In the entries below, find the line with "Blake Lively’s New" and the line with "scribe molding on upper cabinets"; reproduce those two lines and all lines between them exactly, without pictures.

(Study material Opens)

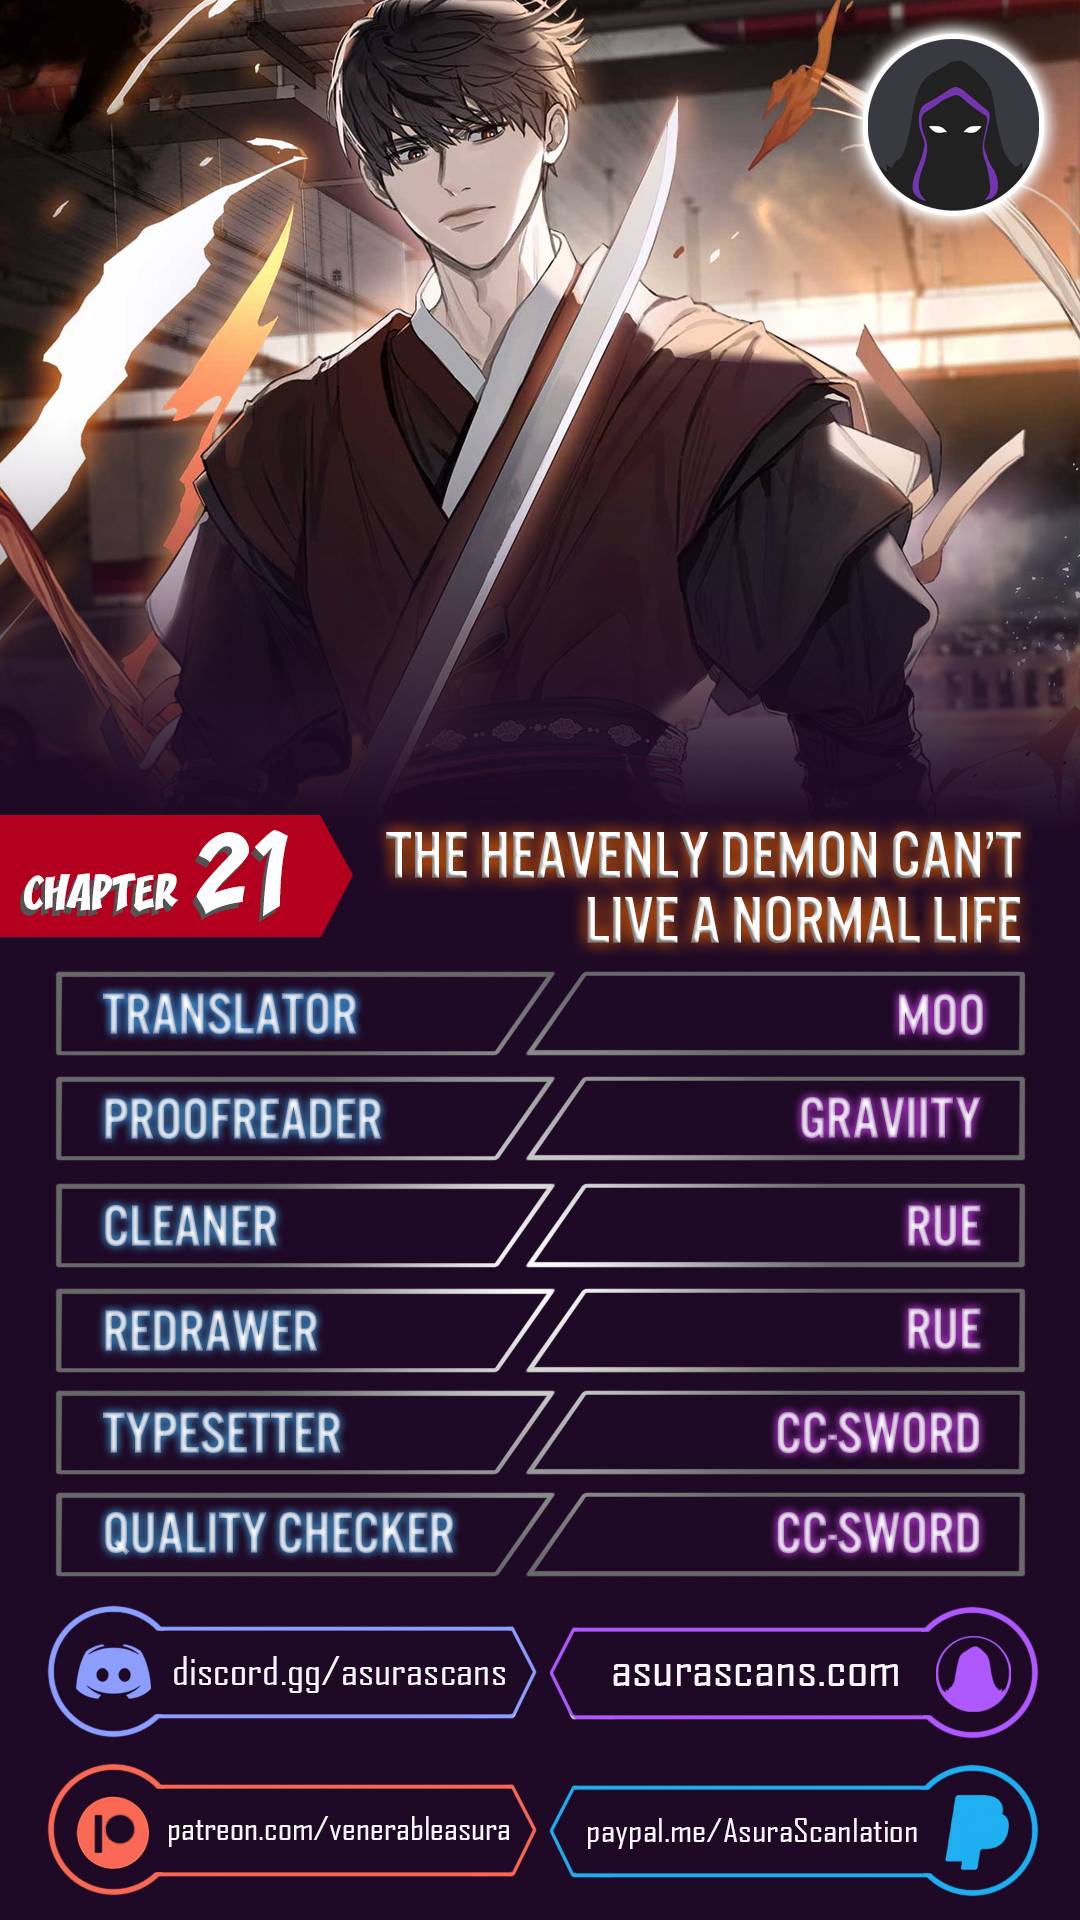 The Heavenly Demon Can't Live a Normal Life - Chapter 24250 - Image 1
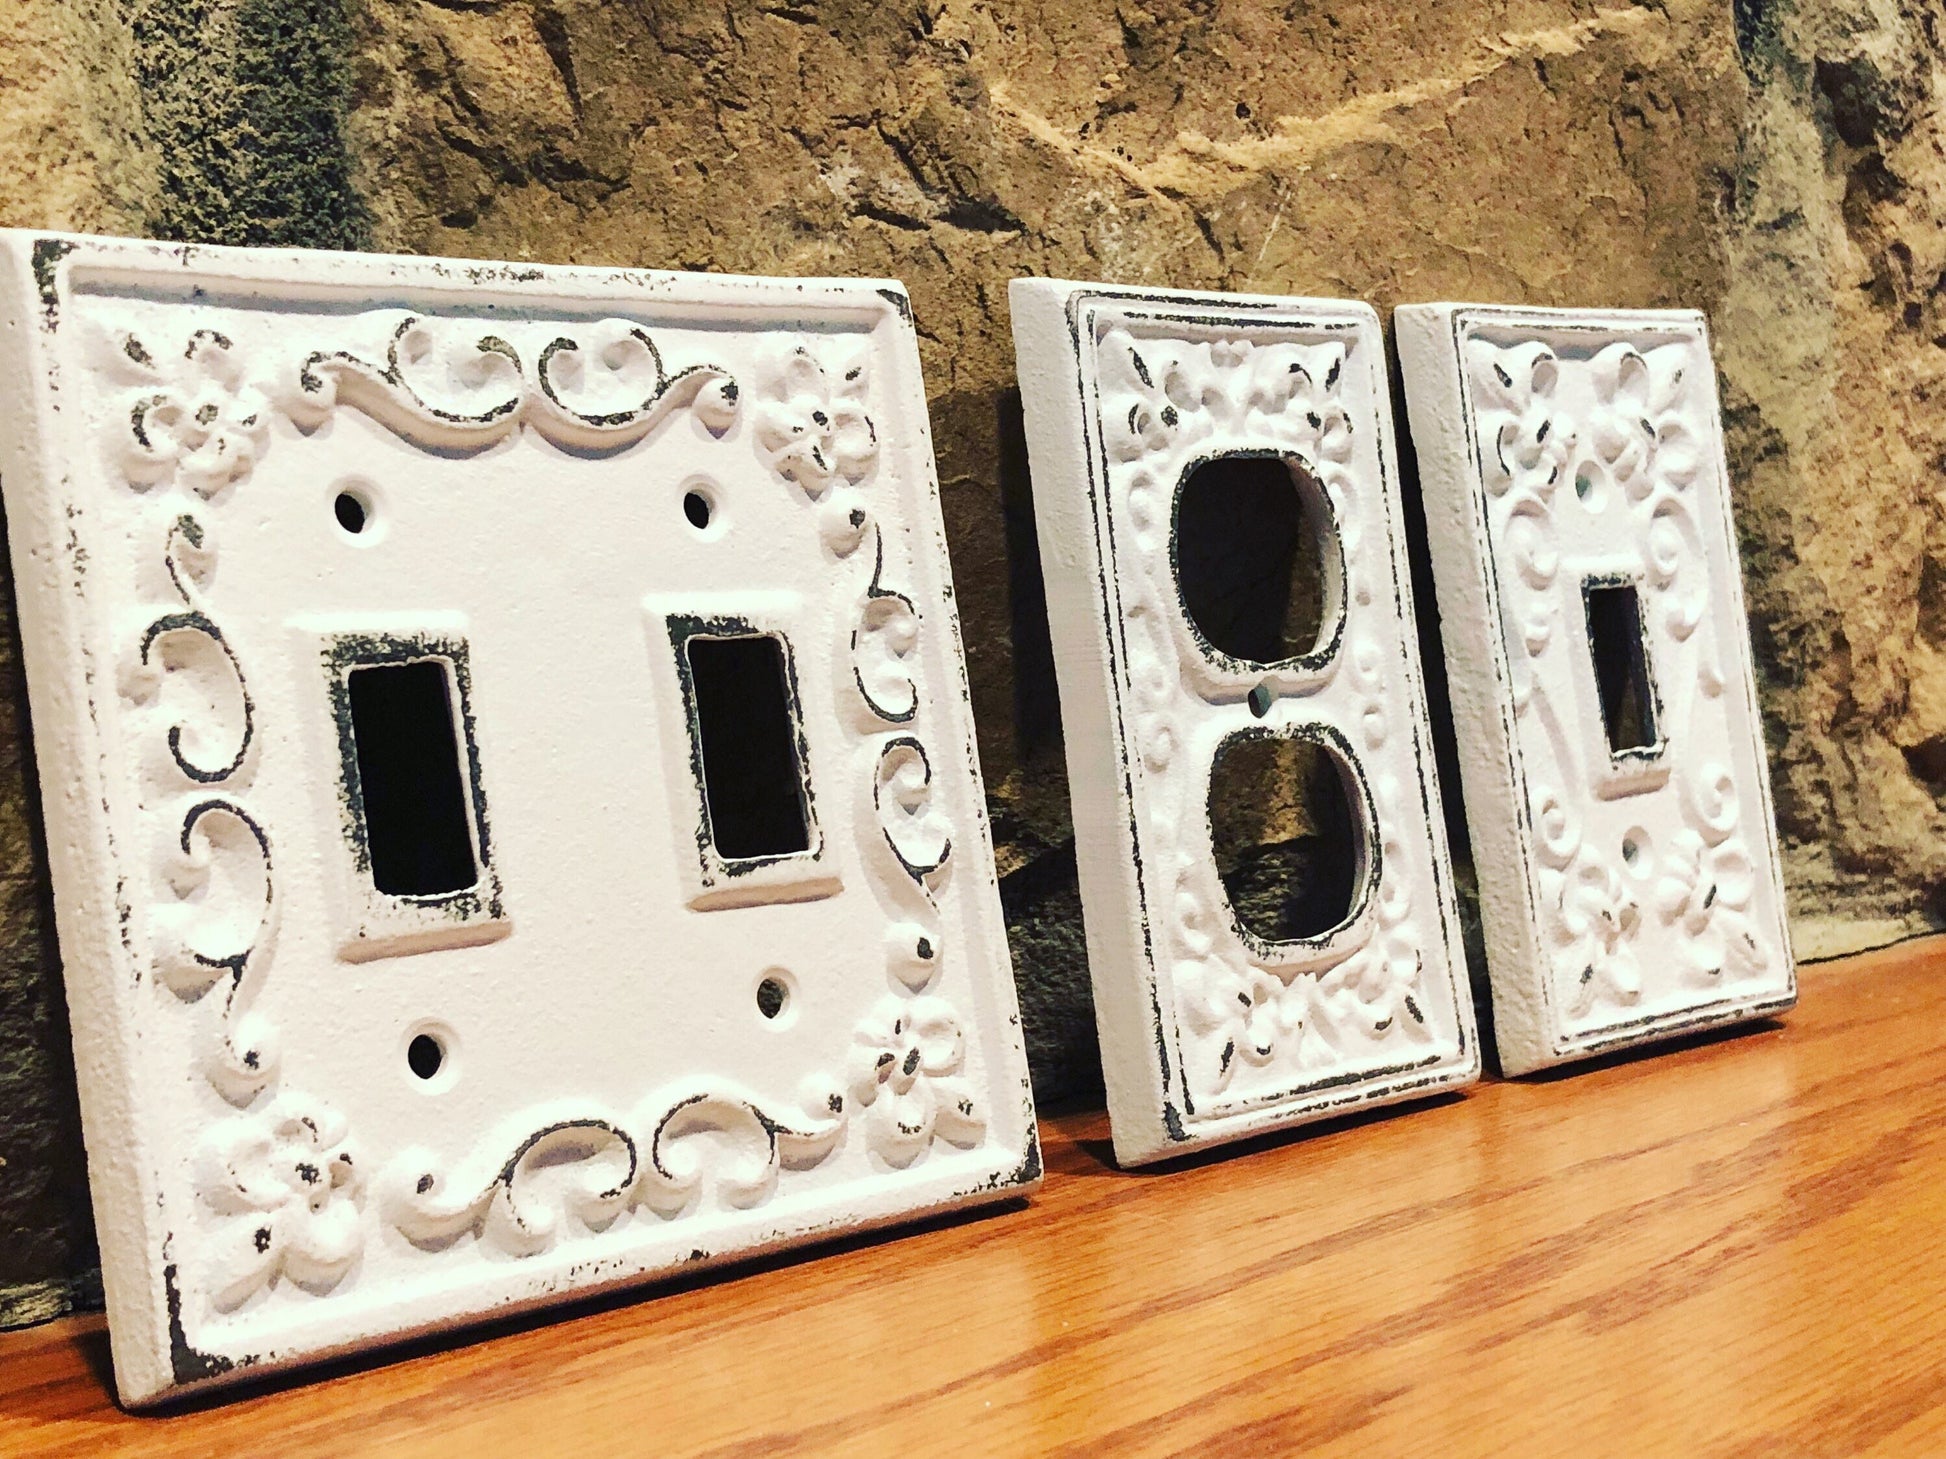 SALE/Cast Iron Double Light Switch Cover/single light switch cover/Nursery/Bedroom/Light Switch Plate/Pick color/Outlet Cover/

(Study material Closes)
(Study material Opens)

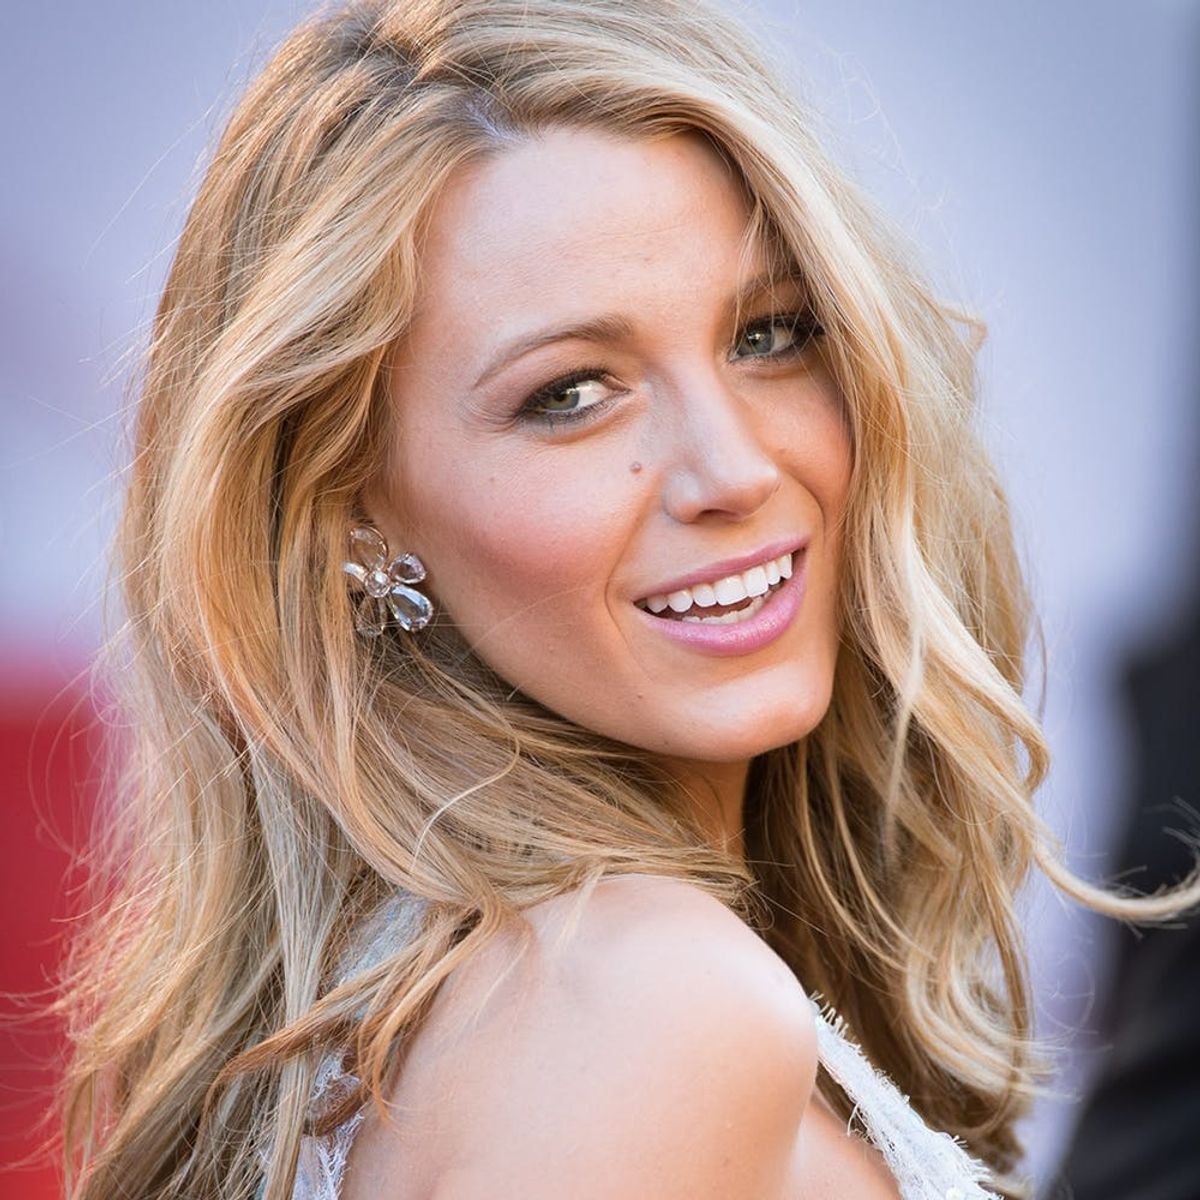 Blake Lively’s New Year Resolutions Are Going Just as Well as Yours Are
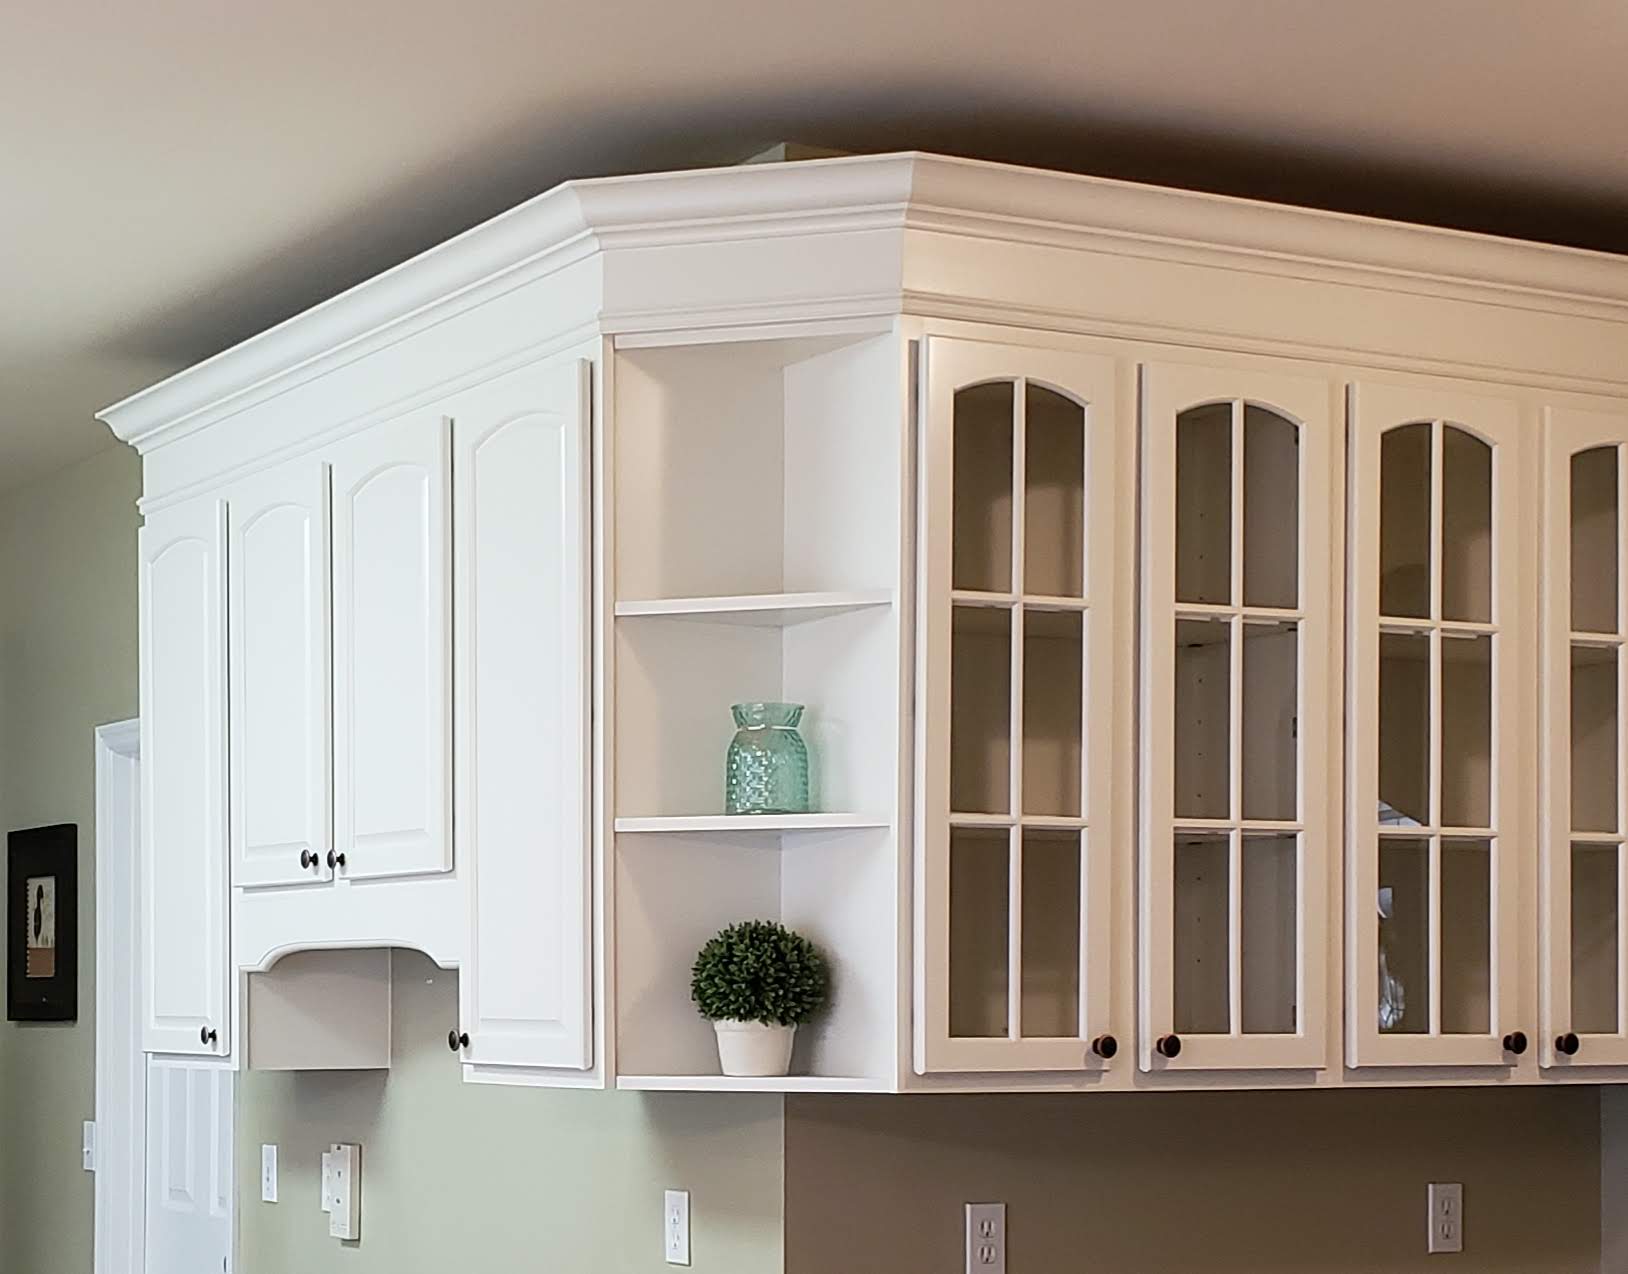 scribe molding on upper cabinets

(Study material Closes)

*Response*.
 Blake Lively’s New Year Resolutions Are Going Just as Well as Yours Are
 scribe molding on upper cabinets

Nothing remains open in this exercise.